Disk throughput is often a bottleneck for distributed jobs, so we want to see ample disk throughput. For magnetic disks running on bare metal 120-150 MB/s is a good goal for reads and writes; on virtual machines, 60-80 MB/s is more common for ephemeral disk. Network block storage will have to be sized appropriately to attain these throughput rates.
The network has to be solid, both in terms of available throughput, reliability, and low latency. We ought to see near line rates for bare metal hosts.
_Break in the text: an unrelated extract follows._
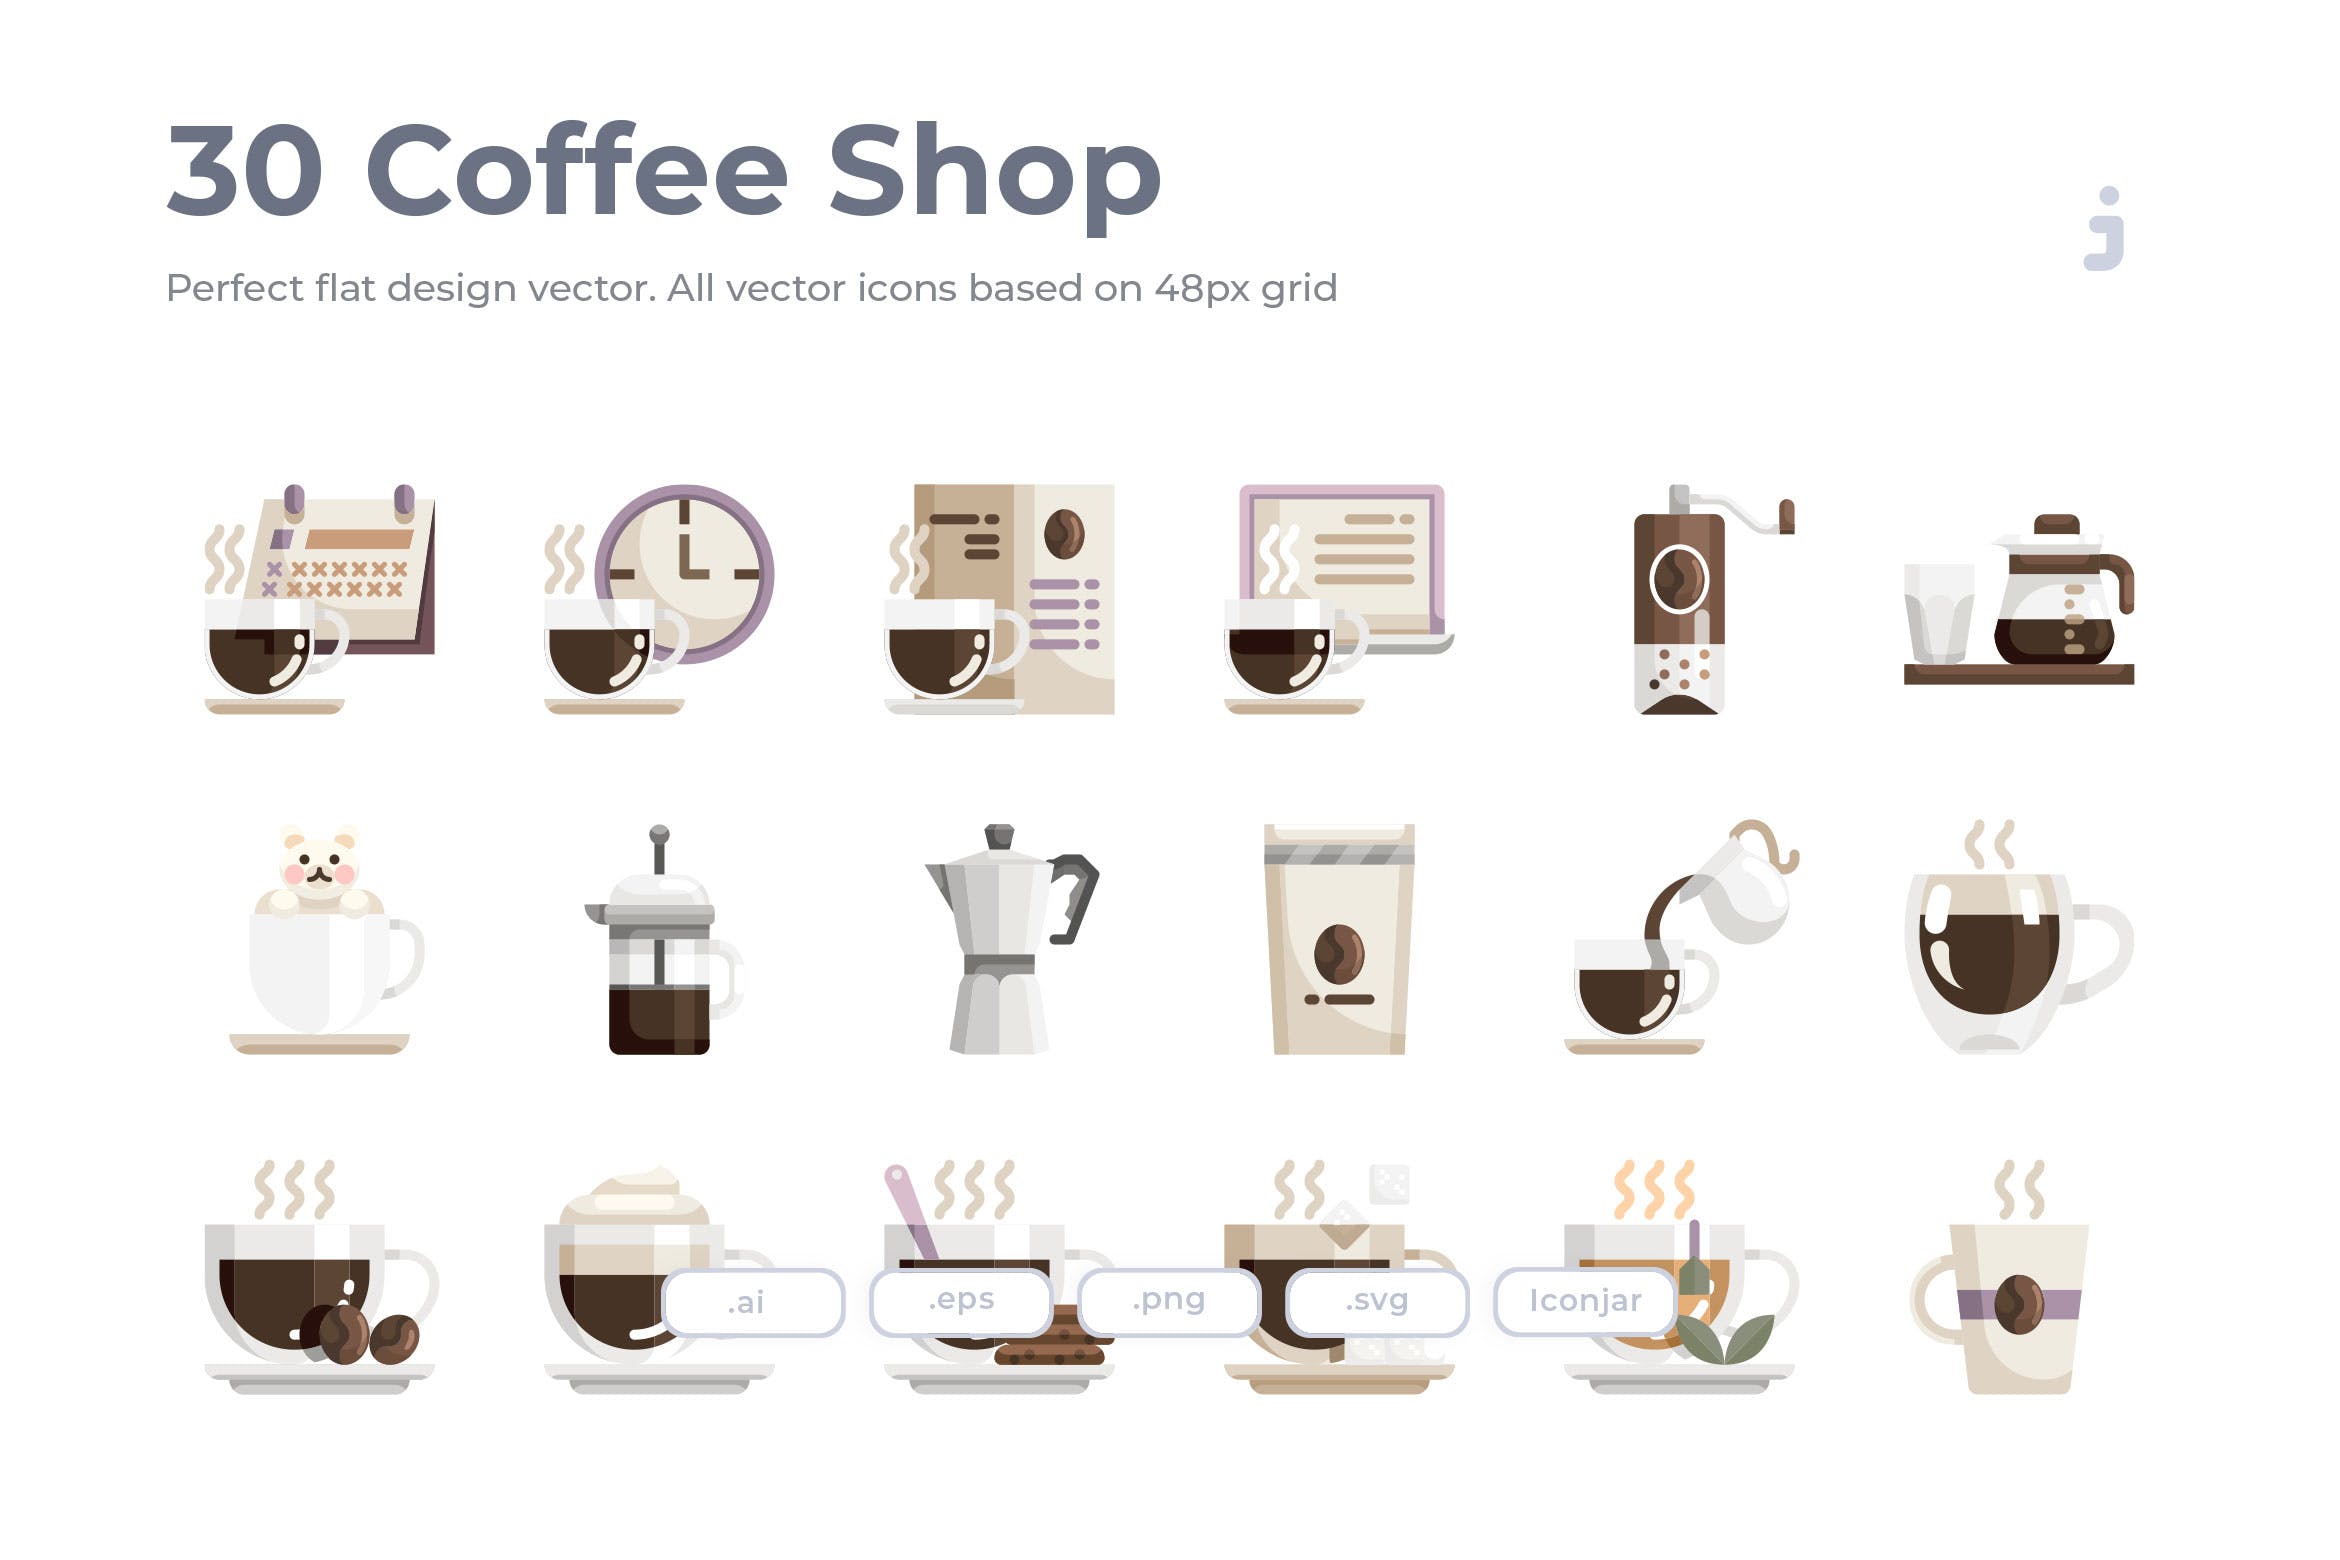 30枚咖啡/咖啡店扁平设计风格矢量蚂蚁素材精选图标素材 30 Coffee Shop Icons – Flat插图
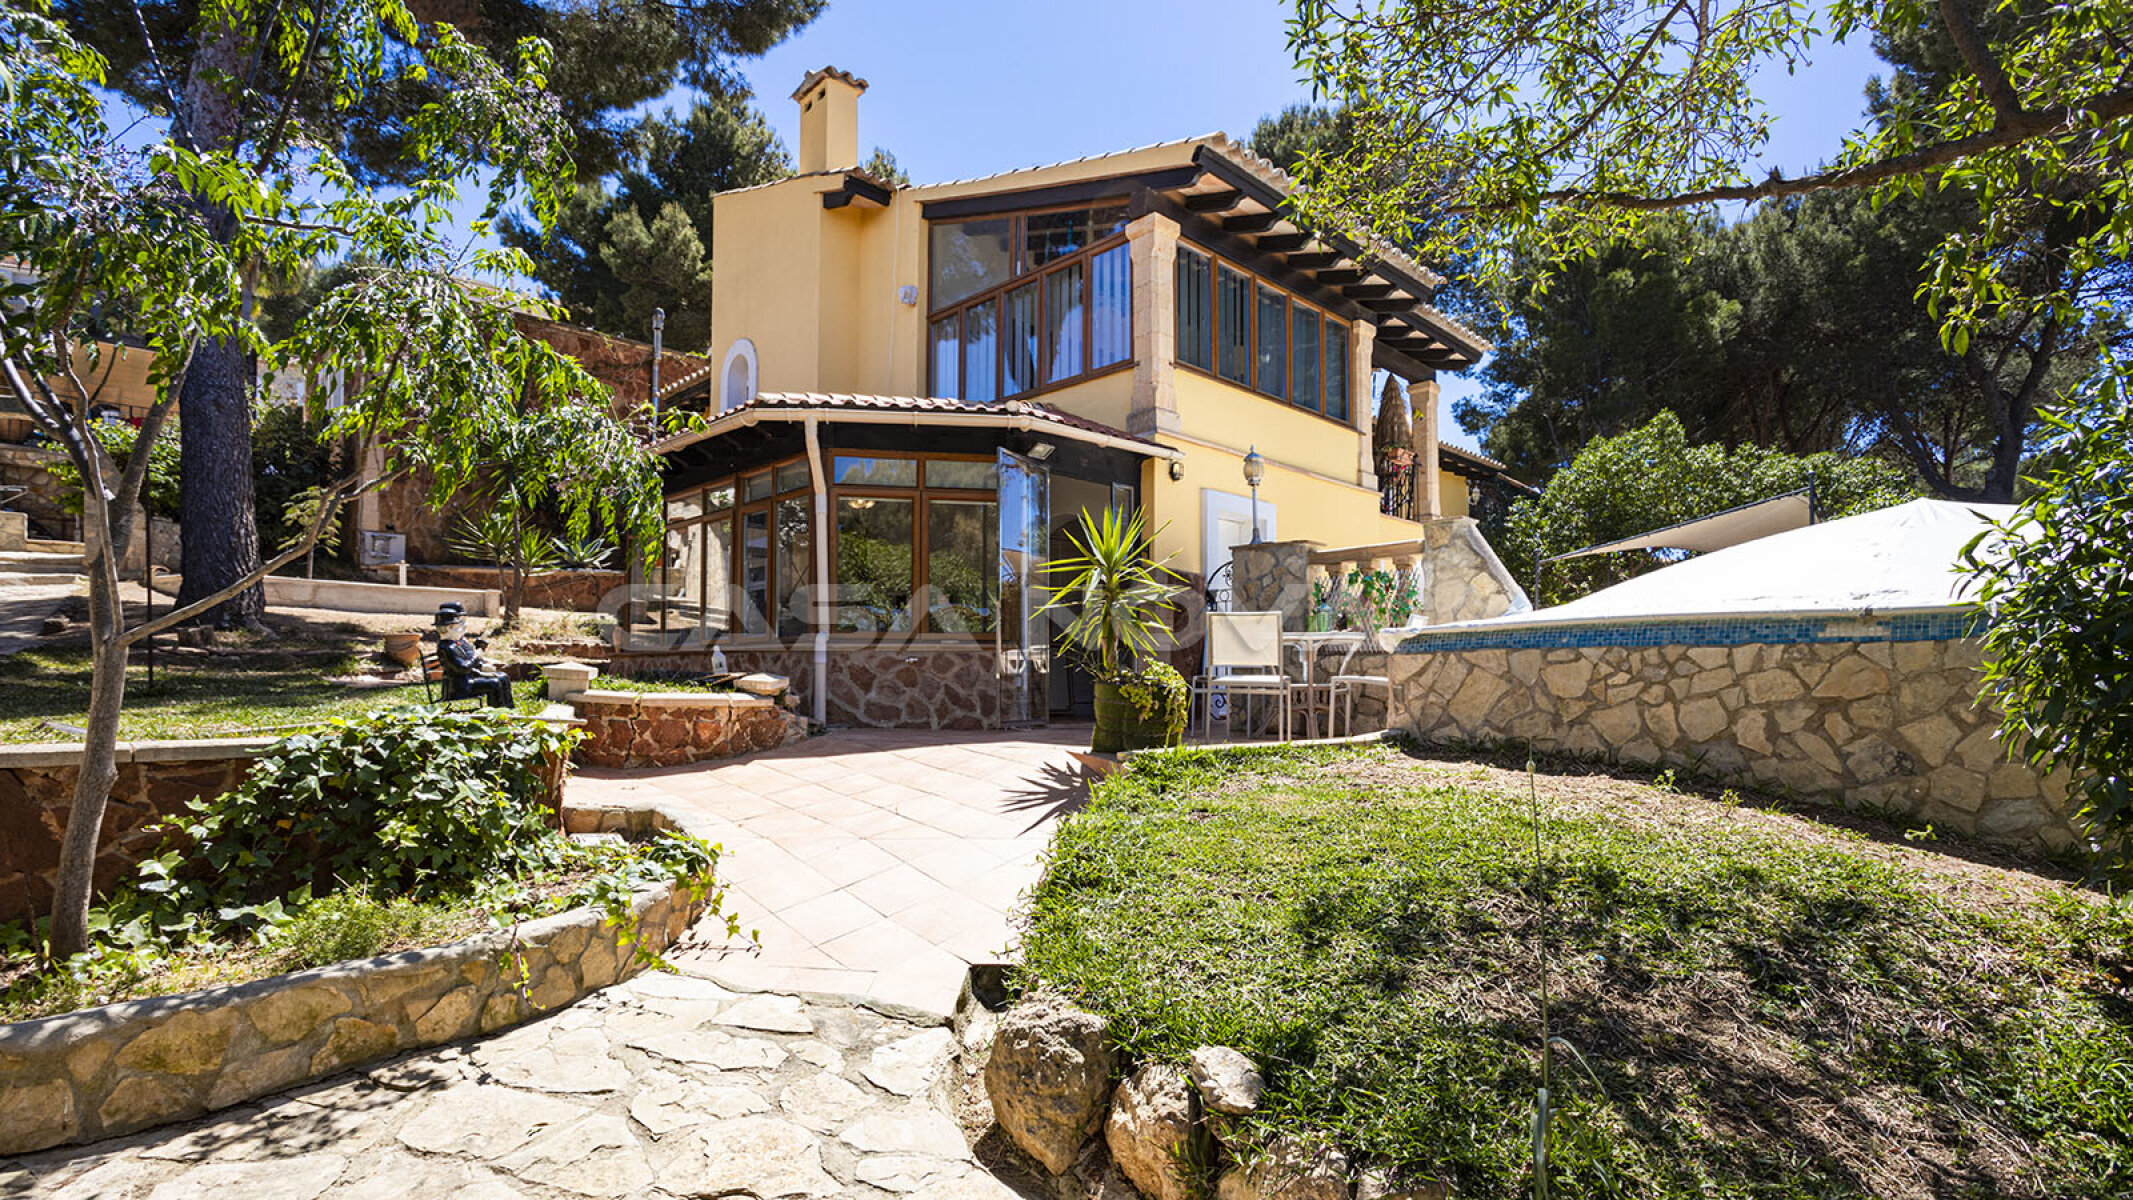 Villa mediterr�nea con elementos de piedra natural

We don’t want to see any dropped packets on any network interface, no matter how much data we throw at the cluster.
Using common Linux utilities we can do a quick survey of a platform’s capabilities and catch problems early. Using benchmarking tools included with Hadoop we can stress processing, networking, and storage systems at the same time, and offer the means to improve performance iteratively.
Over time and after running benchmarking tools on numerous clusters, you’ll start to get a sense of what’s normal for a particular hardware environment. You’ll also have a good set of records by which to gauge the performance of new environments.
Alex Moundalexis is a software engineer at Cloudera.